I did not use additional data augmentations but you can add them if you want to improve the model's performance.

class CLIPDataset(torch.utils.data.Dataset):
    def __init__(self, image_filenames, captions, tokenizer, transforms):
        """
        image_filenames and cpations must have the same length; so, if there are
        multiple captions for each image, the image_filenames must have repetitive
        file names
        """

        self.image_filenames = image_filenames
        self.captions = list(captions)
        self.encoded_captions = tokenizer(
            list(captions), padding=True, truncation=True, max_length=CFG.max_length
        )
        self.transforms = transforms

    def __getitem__(self, idx):
        item = {
            key: torch.tensor(values[idx])
            for key, values in self.encoded_captions.items()
        }

        image = cv2.imread(f"{CFG.image_path}/{self.image_filenames[idx]}")
        image = cv2.cvtColor(image, cv2.COLOR_BGR2RGB)
        image = self.transforms(image=image)['image']
        item['image'] = torch.tensor(image).permute(2, 0, 1).float()
        item['caption'] = self.captions[idx]

        return item


    def __len__(self):
        return len(self.captions)



def get_transforms(mode="train"):
    if mode == "train":
        return A.Compose(
            [
                A.Resize(CFG.size, CFG.size, always_apply=True),
                A.Normalize(max_pixel_value=255.0, always_apply=True),
            ]
        )
    else:
        return A.Compose(
            [
                A.Resize(CFG.size, CFG.size, always_apply=True),
                A.Normalize(max_pixel_value=255.0, always_apply=True),
            ]
        )

Image Encoder

The image encoder code is straight forward.
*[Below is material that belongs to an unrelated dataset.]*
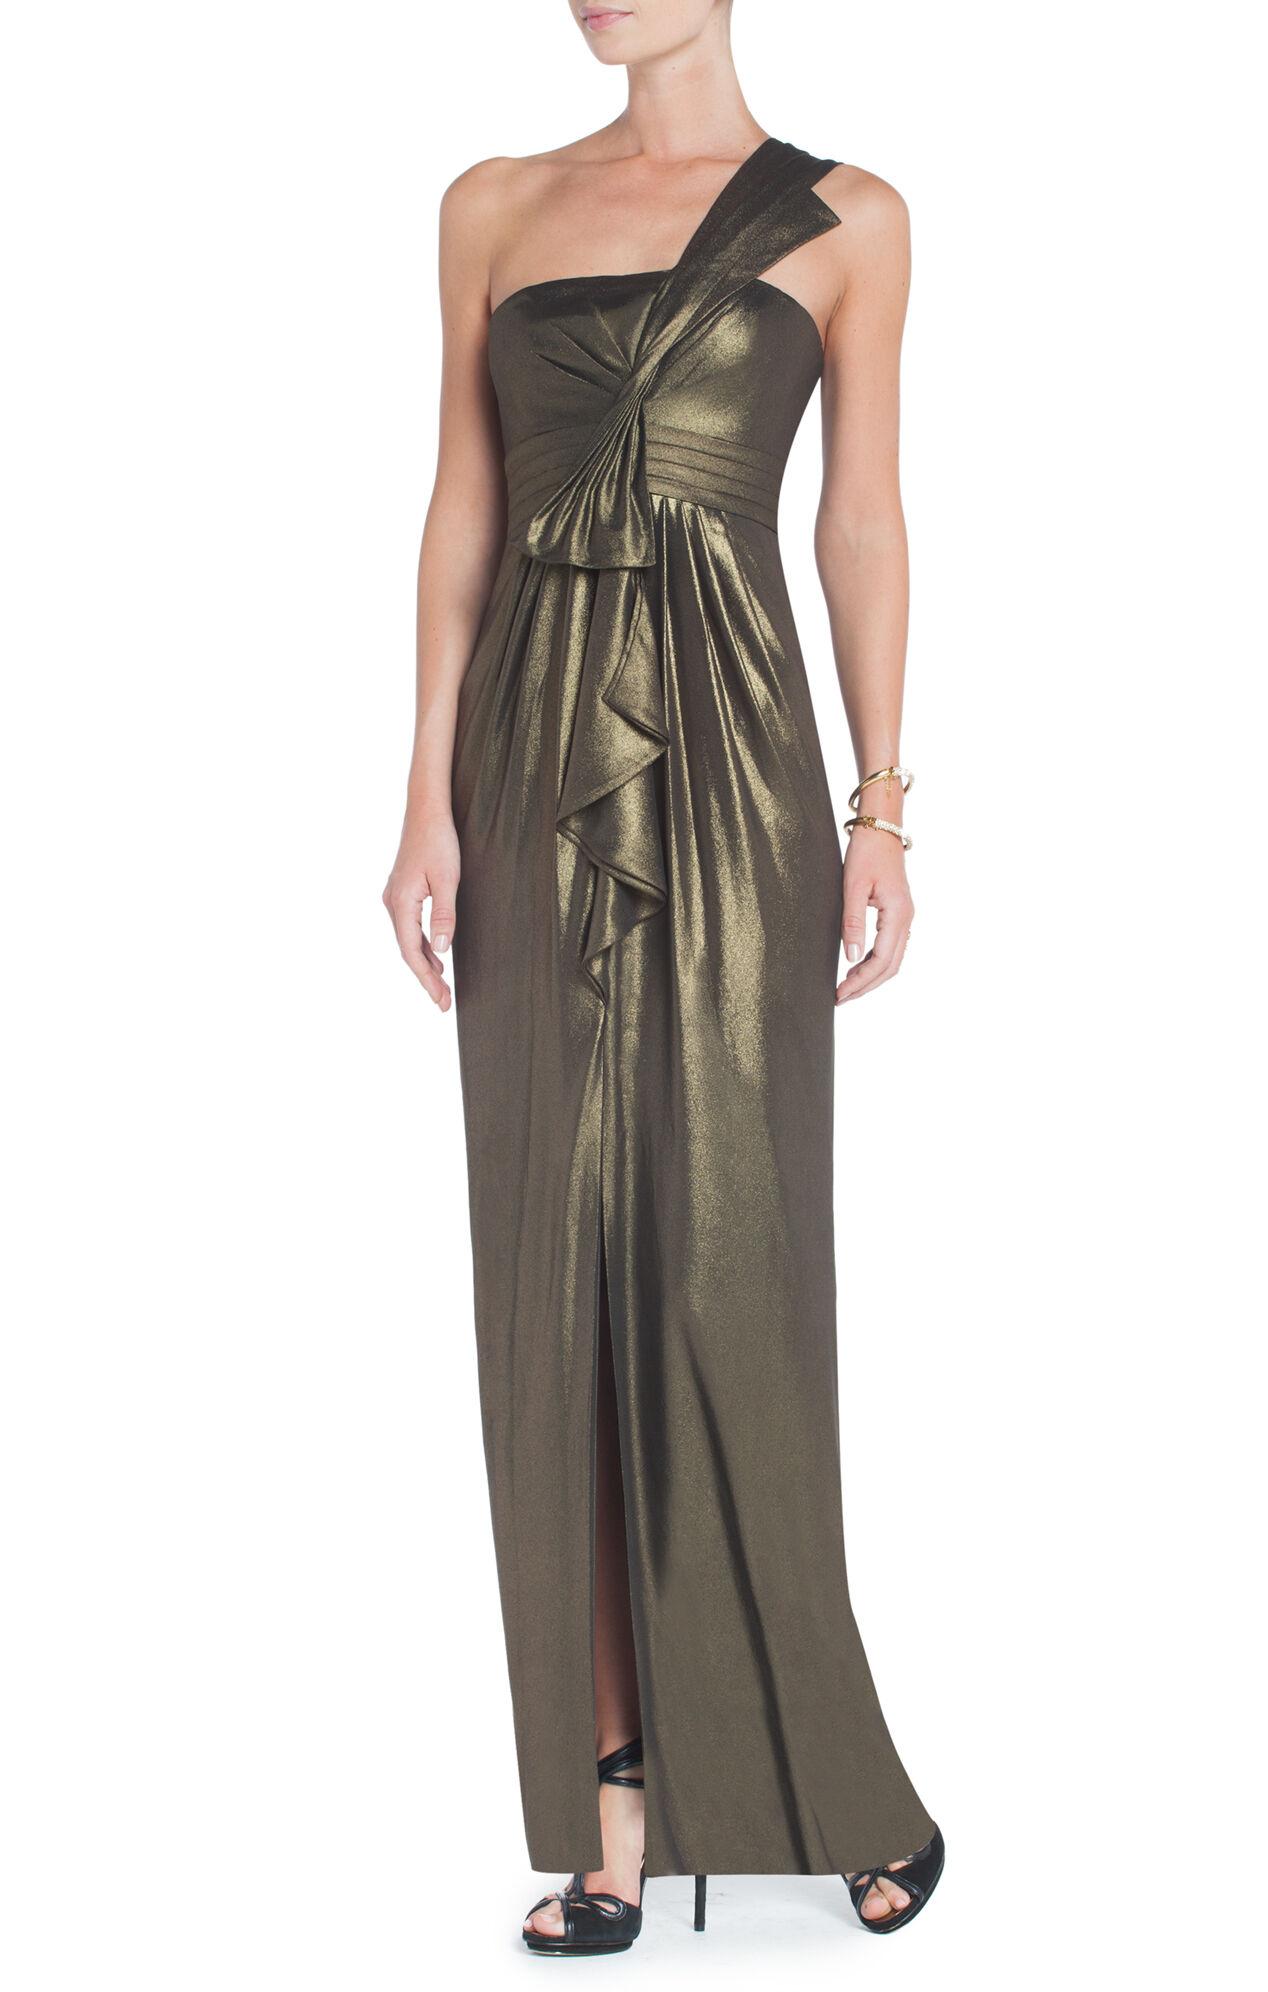 Barbara One-Shoulder Evening Gown
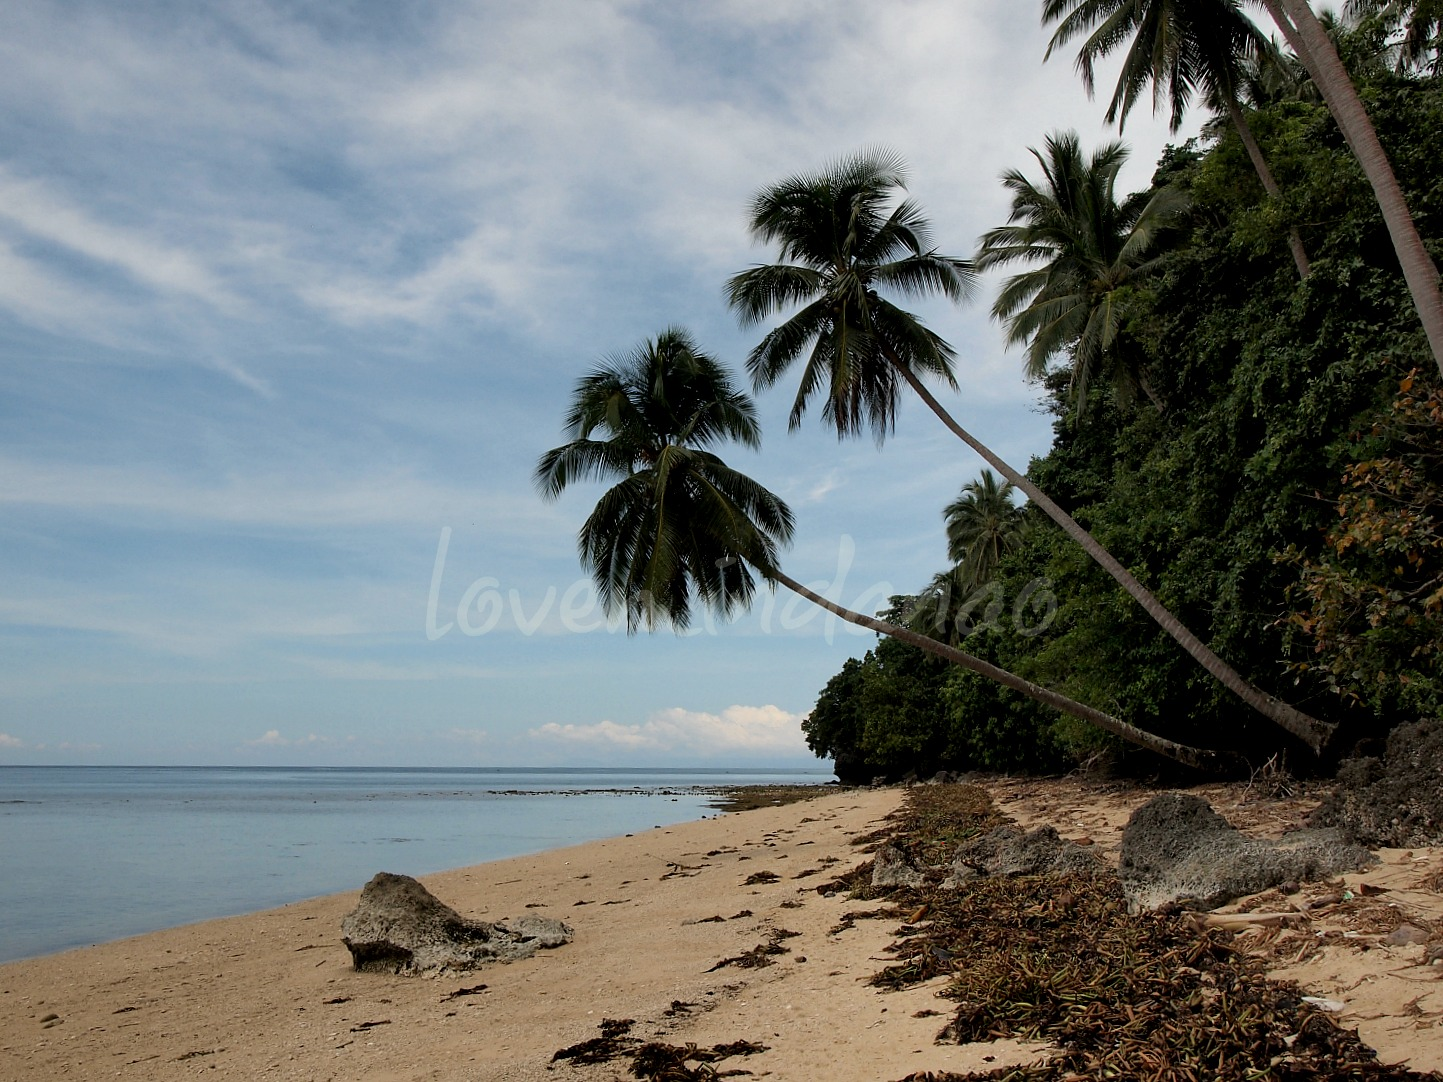 Love Mindanao: Bongo Island-Limbayan, Manguindanao | The Off

I'm using PyTorch Image Models library (timm) here which makes a lot of different image models available from ResNets to EfficientNets and many more. Here we will use a ResNet50 as our image encoder. You can easily use torchvision library to use ResNets if you don't want to install a new library.

The code encodes each image to a fixed size vector with the size of the model's output channels (in case of ResNet50 the vector size will be 2048). This is the output after the nn.AdaptiveAvgPool2d() layer.

class ImageEncoder(nn.Module):
    """
    Encode images to a fixed size vector
    """

    def __init__(
        self, model_name=CFG.model_name, pretrained=CFG.pretrained, trainable=CFG.trainable
    ):
        super().__init__()
        self.model = timm.create_model(
            model_name, pretrained, num_classes=0, global_pool="avg"
        )
        for p in self.model.parameters():
            p.requires_grad = trainable

    def forward(self, x):
        return self.model(x)

Text Encoder

As I mentioned before, I'll use DistilBERT as the text encoder. Like its bigger brother BERT, two special tokens will be added to the actual input tokens: CLS and SEP which mark the start and end of a sentence. To grab the whole representation of a sentence (as the related BERT and DistilBERT papers point out) we use the final representations of the CLS token and we hope that this representation captures the overall meaning of the sentence (caption). Thinking it in this way, it is similar to what we did to images and converted them into a fixed size vector.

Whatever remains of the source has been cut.